Мы вот почему-то склонны думать, что нынешнее мировое устройство с Организацией Объединенных Наций, Советом безопасности и российским правом вето, в конце концов, с Конвенцией Монтрё — это все незыблемо и навсегда. Предлагаю очнуться хоть на минуту от этого сладкого заблуждения и понять простую вещь: это всё — такое же богатое наследство Советского Союза, как и созданный десятилетия назад ядерный щит России. И многим на Западе очень бы хотелось, чтобы это наследие было признано рудиментом прошлого, нуждающимся в кардинальном пересмотре...
Тут, в открытом печатном органе, конечно же, не место углубляться дальше и писать про возможные стратегии Российской Федерации в отношении такого, без малейшего преувеличения, беспрецедентного по своей значимости проекта, как канал «Стамбул». Но одно понятно — заблаговременно до начала его реализации России надо начинать стелить соломку и достигать полной ясности по судьбе Конвенции Монтрё, прежде всего со стороной — инициатором проекта, то есть с Турецкой Республикой и президентом Эрдоганом. В противном случае правовые коллизии неизбежны. И это еще мягко сказано — десятилетия действующая конвенция может попросту посыпаться на глазах.
Так что, возвращаясь в начало нашей беседы, отношения с Турецкой Республикой и все те дрязги, которые в настоящее время происходят у нашего южного соседа, не могут не занимать отечественных экспертов, да и в принципе любого думающего человека. И здесь на первый план выходит целый комплекс вопросов, связанных с трансформацией турецкой политической системы, скорость которой сильно возросла после введения в стране чрезвычайного положения.
Понятно, что правозащитников как в Турции, так и за ее пределами волнует судьба тысяч задержанных по подозрению в причастности к попытке переворота и в связях с так называемой террористической организацией Фетхуллаха Гюлена. Безусловно, вопрос беспристрастности следствия и судопроизводства является важным. Но ведь расследования, аресты и суды — это лишь одна сторона чрезвычайного положения.
Другой же является то, что Турецкая Республика с 21 июля перешла на режим ручного управления. Турецкое правительство, читай президент Эрдоган, в настоящее время получило право принимать постановления, получающие силу закона автоматически, то есть без рассмотрения и утверждения их меджлисом страны. И, ознакомившись с текстом принятых документов, нетрудно убедиться в том, что наряду с пожарными мерами, предусматривающими, к примеру, временное ограничение отдельных прав и свобод граждан, ряд положений направлен на перестройку политической системы страны в целом.

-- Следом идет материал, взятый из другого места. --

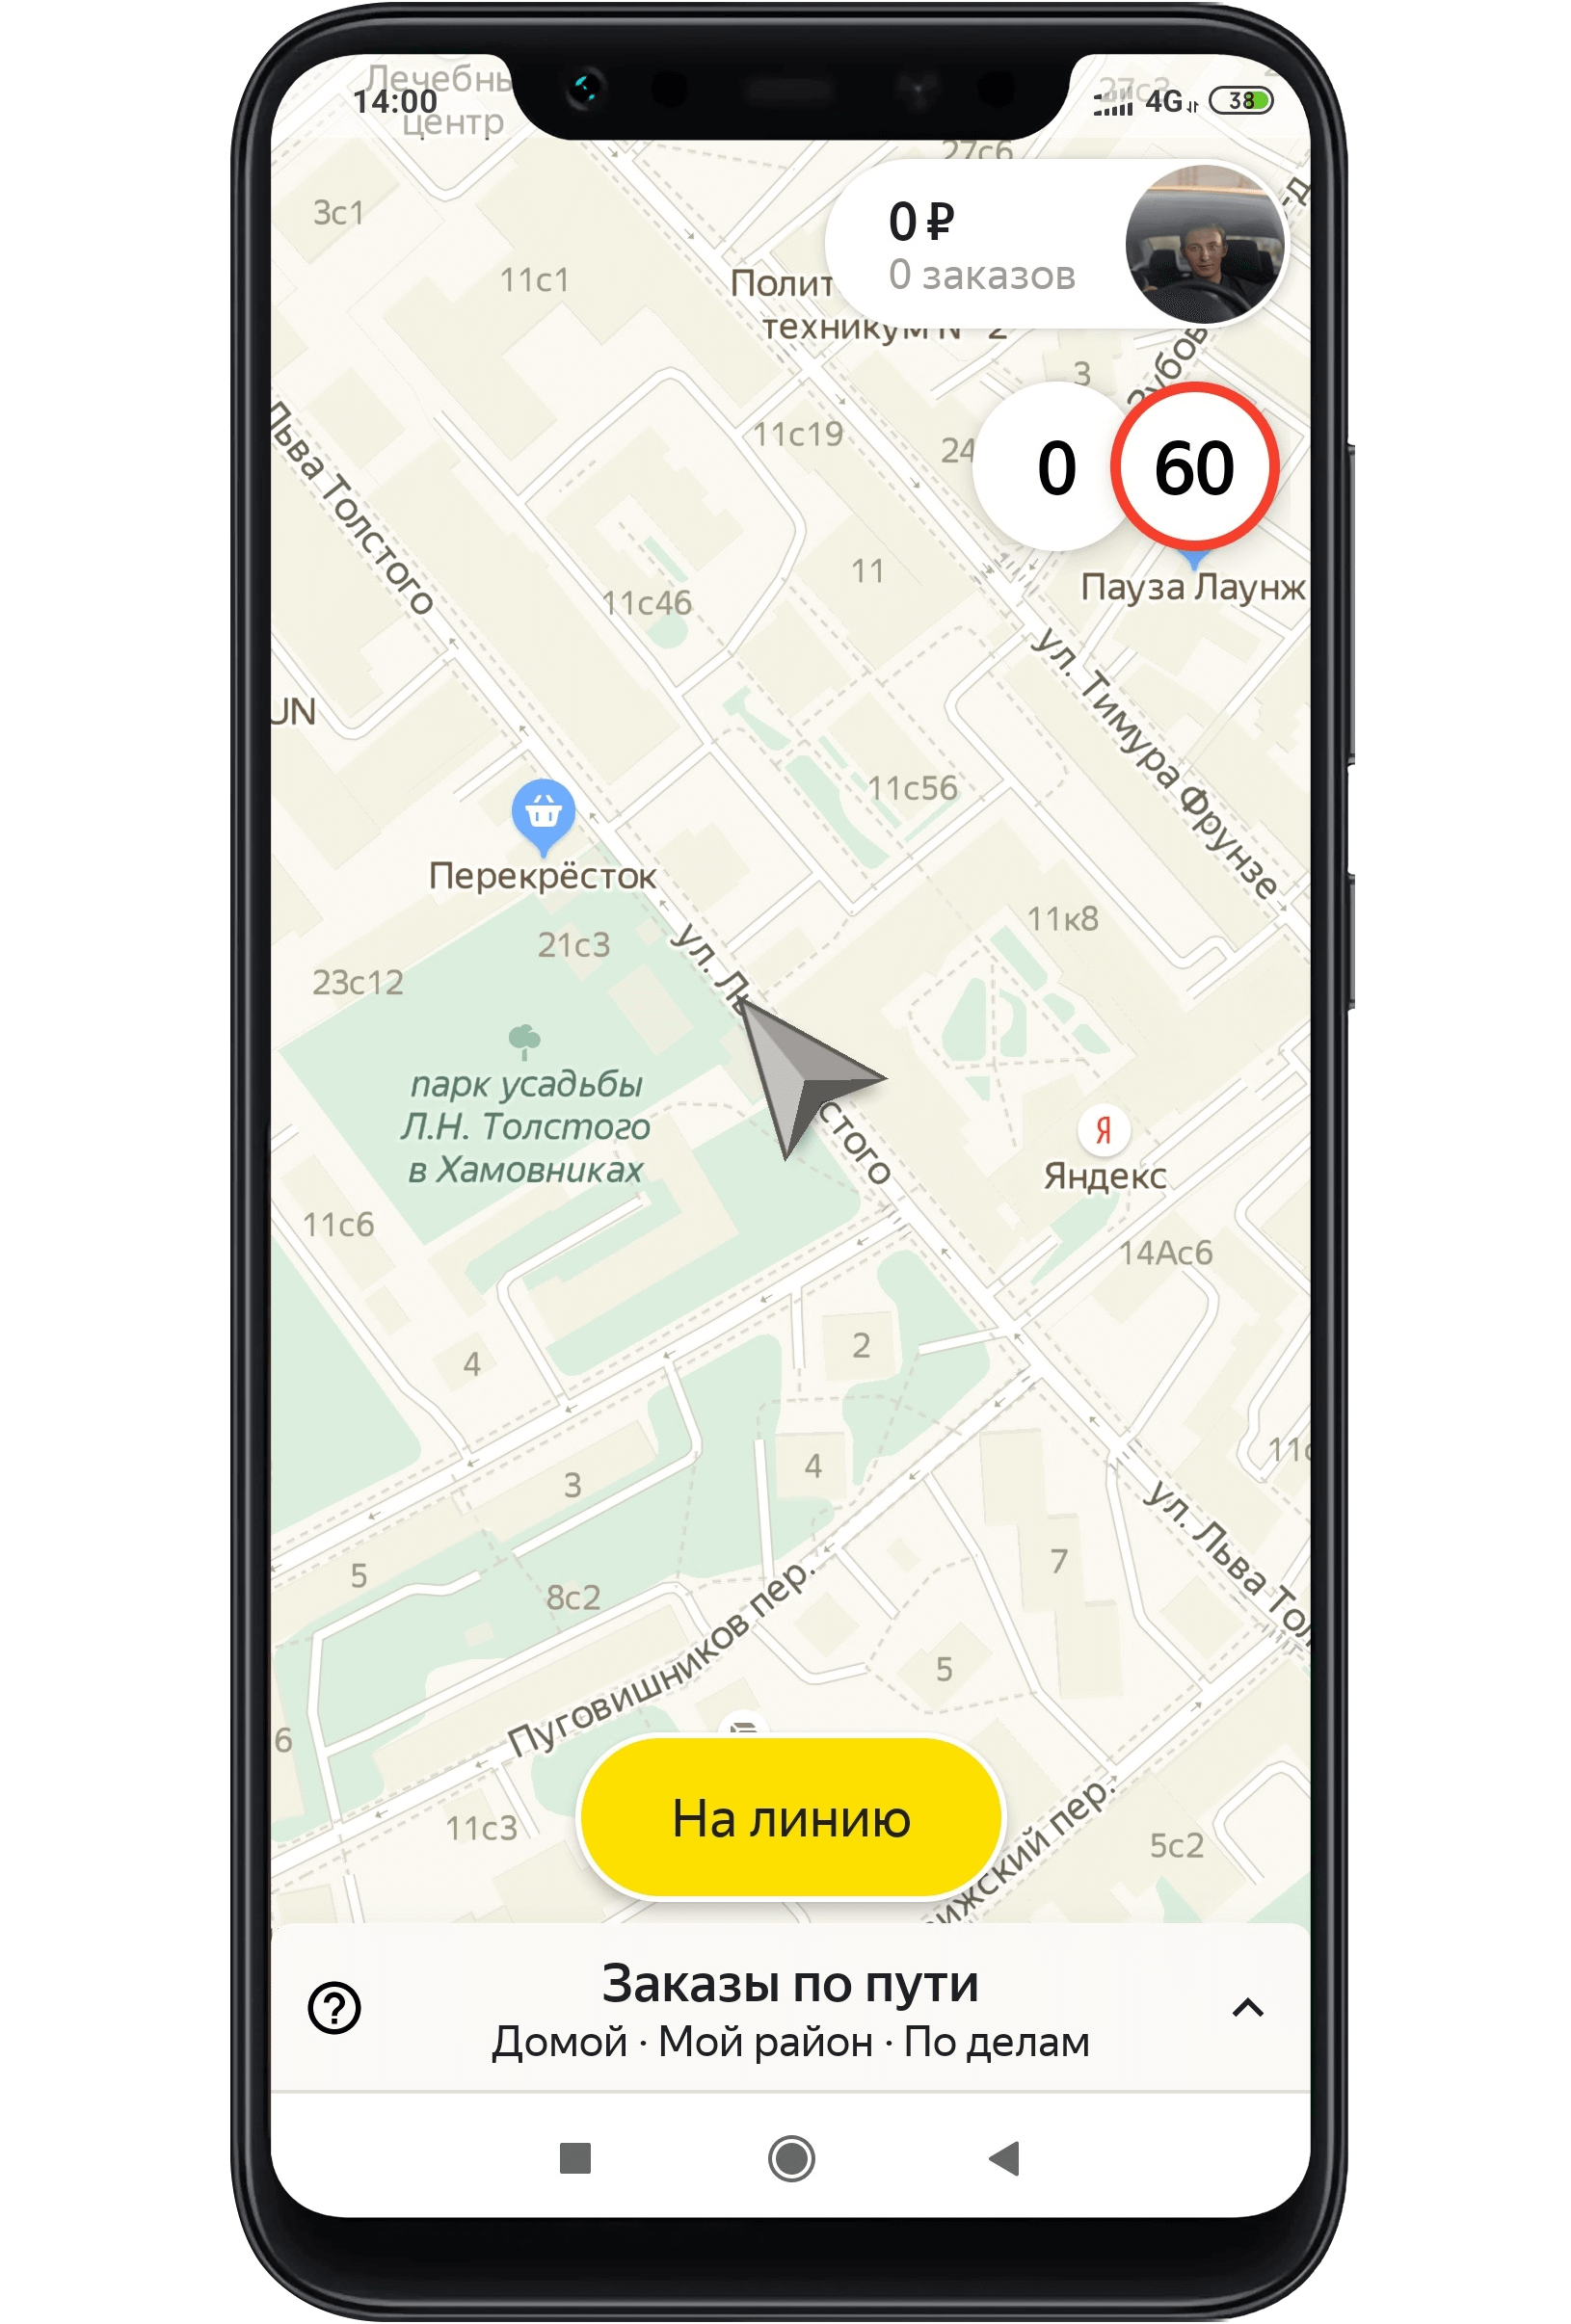 Таксометр приложение. Правила яндекса для водителей

Устремления Реджепа Тайипа Эрдогана по превращению страны в президентскую республику всем хорошо известны. Маховик этой реформы на глазах постепенно раскручивается. И России очень важно понимать, в каком направлении движется Турецкая Республика, и иметь внятную всеобъемлющую стратегию взаимодействия с ней, хотя бы по ключевым аспектам, включая проливы и Конвенцию Монтрё. Было бы опасно недооценивать роль Турции на международной арене или считать, что с рукопожатием между Путиным и Эрдоганом «game is over». Нет, господа и товарищи, пока еще играется миттельшпиль...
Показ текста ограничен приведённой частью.